Yahoo! article, italics mine:

James Cameron reaches deepest spot on Earth
Associated PressAssociated Press – 23 mins ago

HONOLULU (AP) — Director James Cameron has made it to Earth's deepest point.

The director of "Titanic" and other films used a specially designed submarine called "Deepsea Challenger" to dive nearly seven miles. He completed his deep dive a little before 8 a.m. Monday local time, according to Stephanie Montgomery of the National Geographic Society.

"All systems OK," were Cameron's first words, according to a statement. He arrived at a depth of 35,756 feet early Sunday evening on the U.S. East Coast.

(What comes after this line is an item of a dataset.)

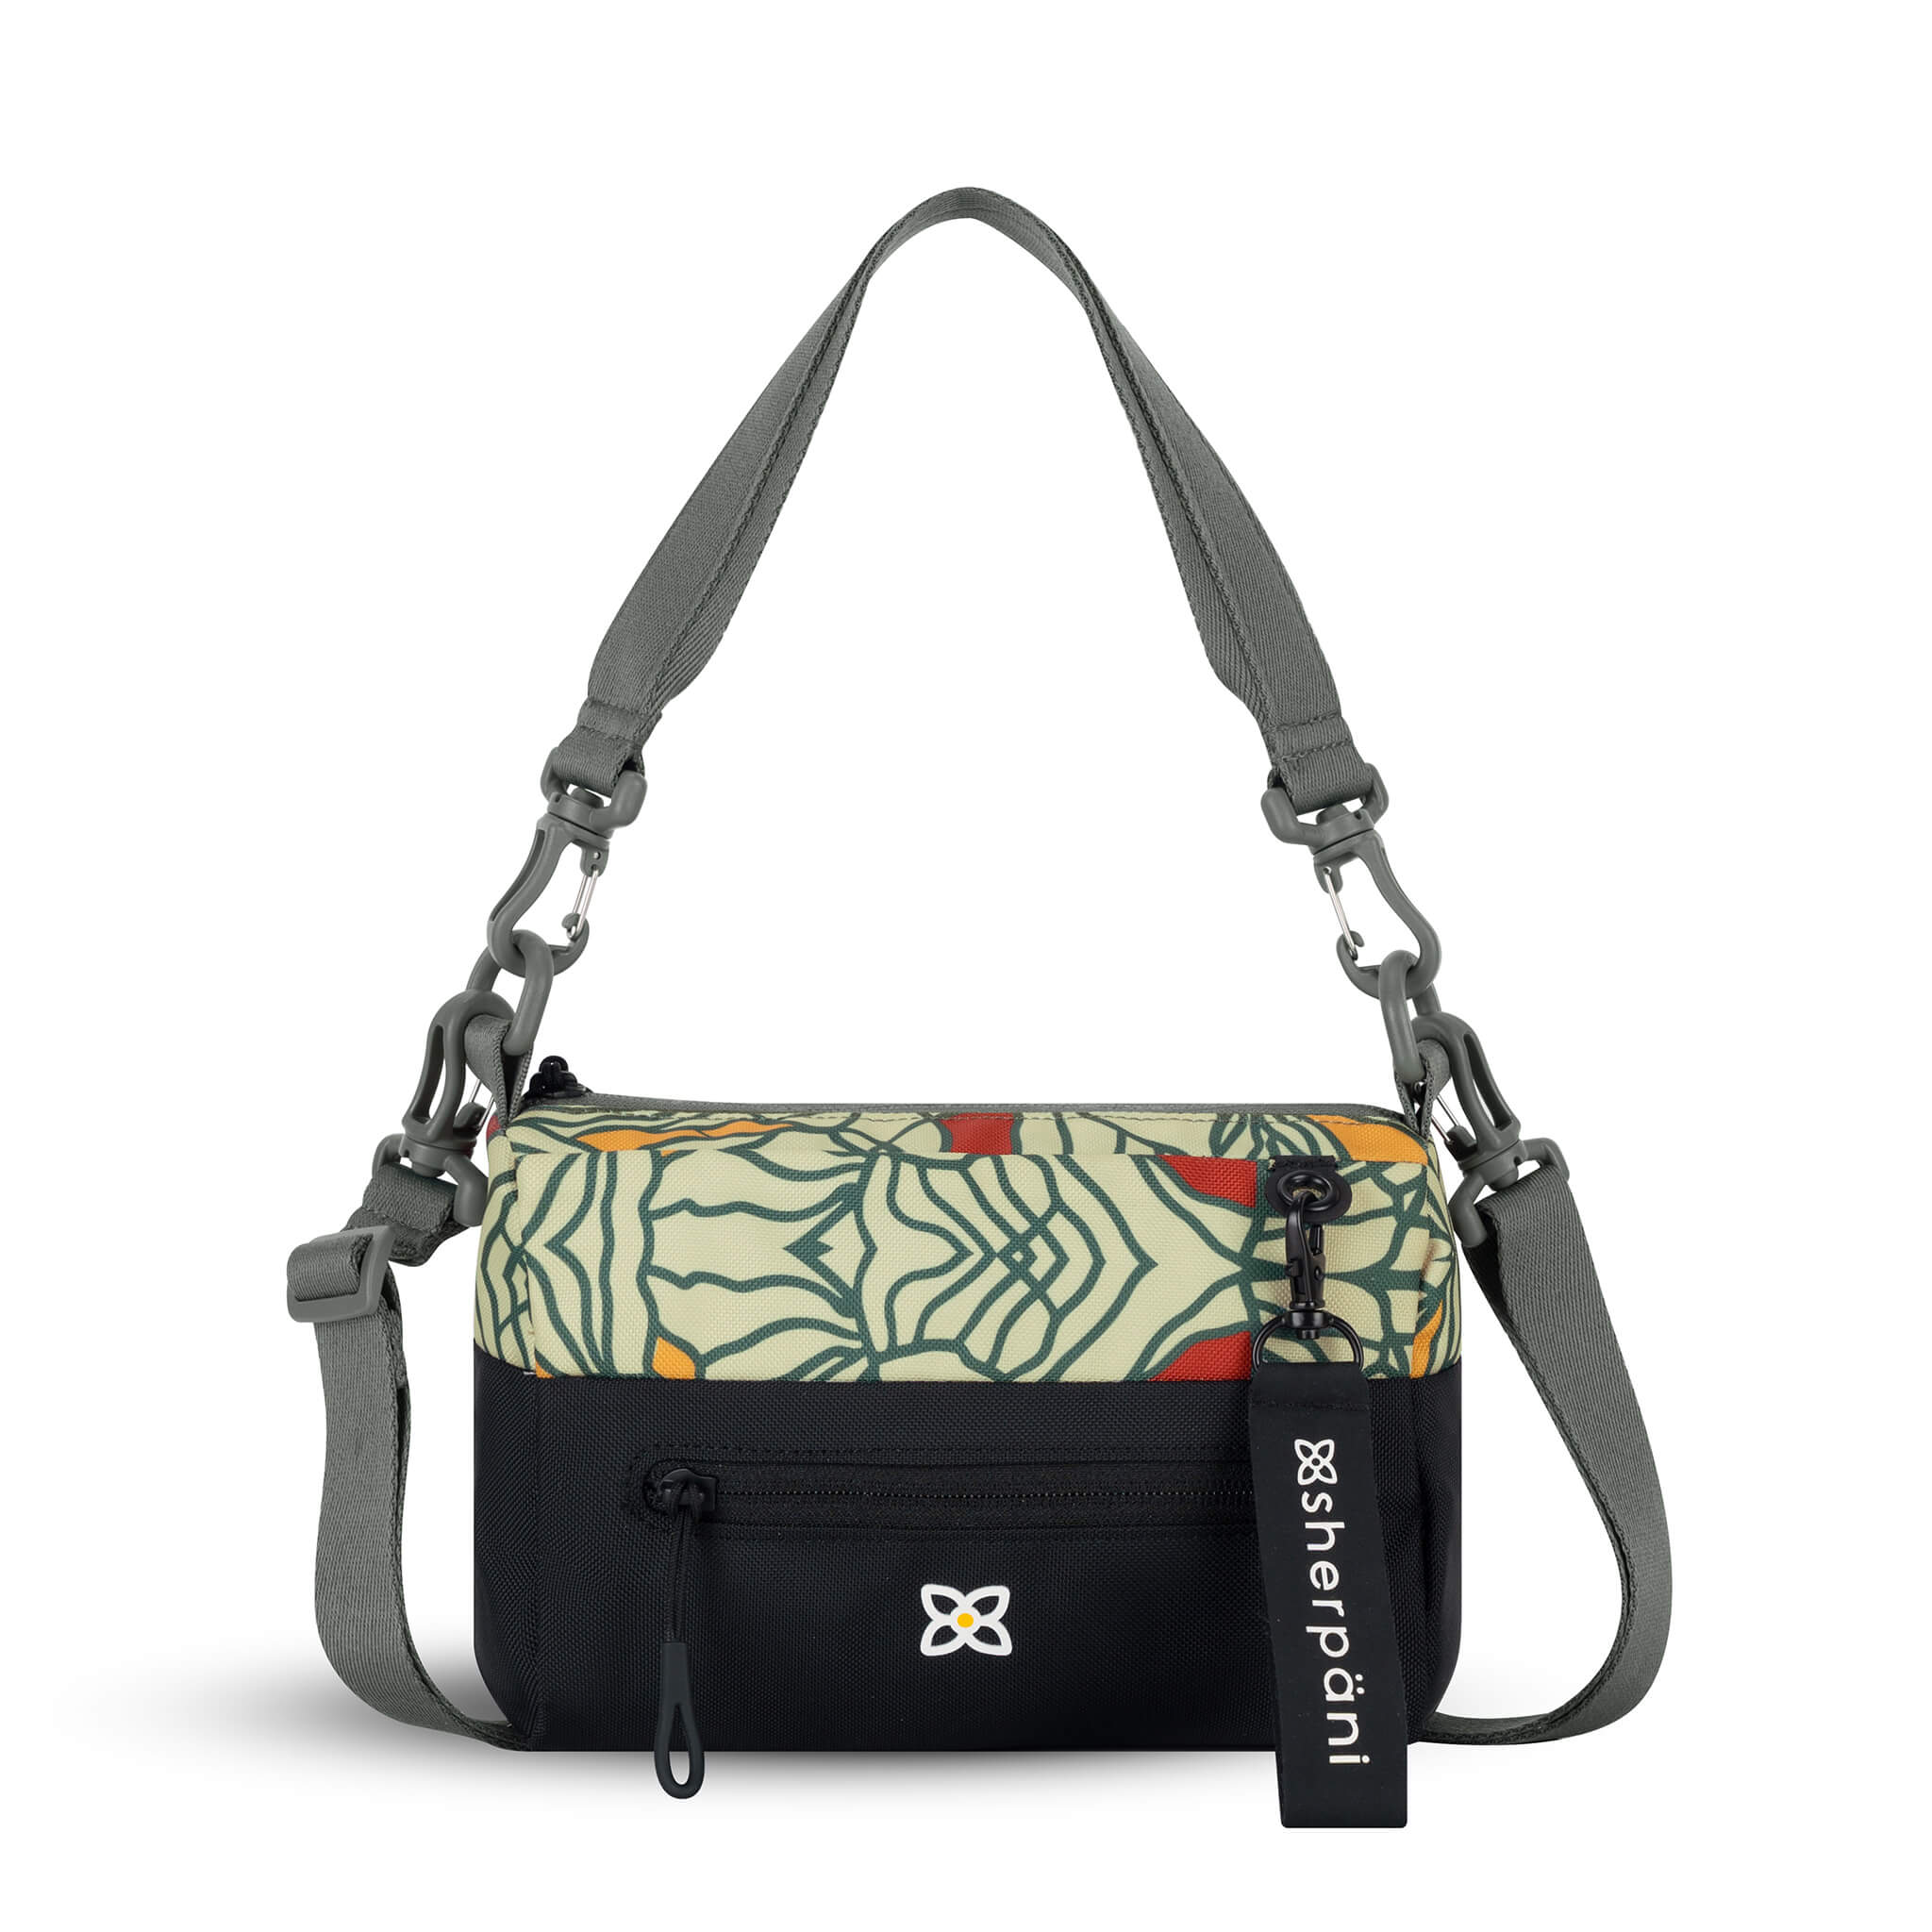 Flat front view of Sherpani mini shoulder bag, the Skye in Fiori. Skye features include RFID security, detachable keychain, outside zipper pocket, two inside zipper pockets and two removable straps: a short shoulder strap and a longer adjustable crossbody strap. The Fiori colorway is two-toned in black and a floral pattern with a neutral color palette.

He plans to spend about six hours exploring and filming the Mariana Trench, about 200 miles southwest of the Pacific island of Guam.

The scale of the trench is hard to grasp — it's 120 times larger than the Grand Canyon and more than a mile deeper than Mount Everest is tall.

The first and only time anyone dove to these depths was in 1960. Swiss engineer Jacques Piccard and U.S. Navy Capt. Don Walsh took nearly five hours to reach the bottom and stayed just 20 minutes. They didn't have much to report on what they saw there, however, because their submarine kicked up so much sand from the ocean floor they couldn't see much.

One of the risks of a dive so deep is extreme water pressure. At 6.8 miles below the surface, the pressure is the equivalent of three SUVs sitting on your toe.

Cameron told The Associated Press in an interview after a 5.1 mile-deep practice run near Papua New Guinea earlier this month that the pressure "is in the back of your mind." The submarine would implode in an instant if it leaked, he said.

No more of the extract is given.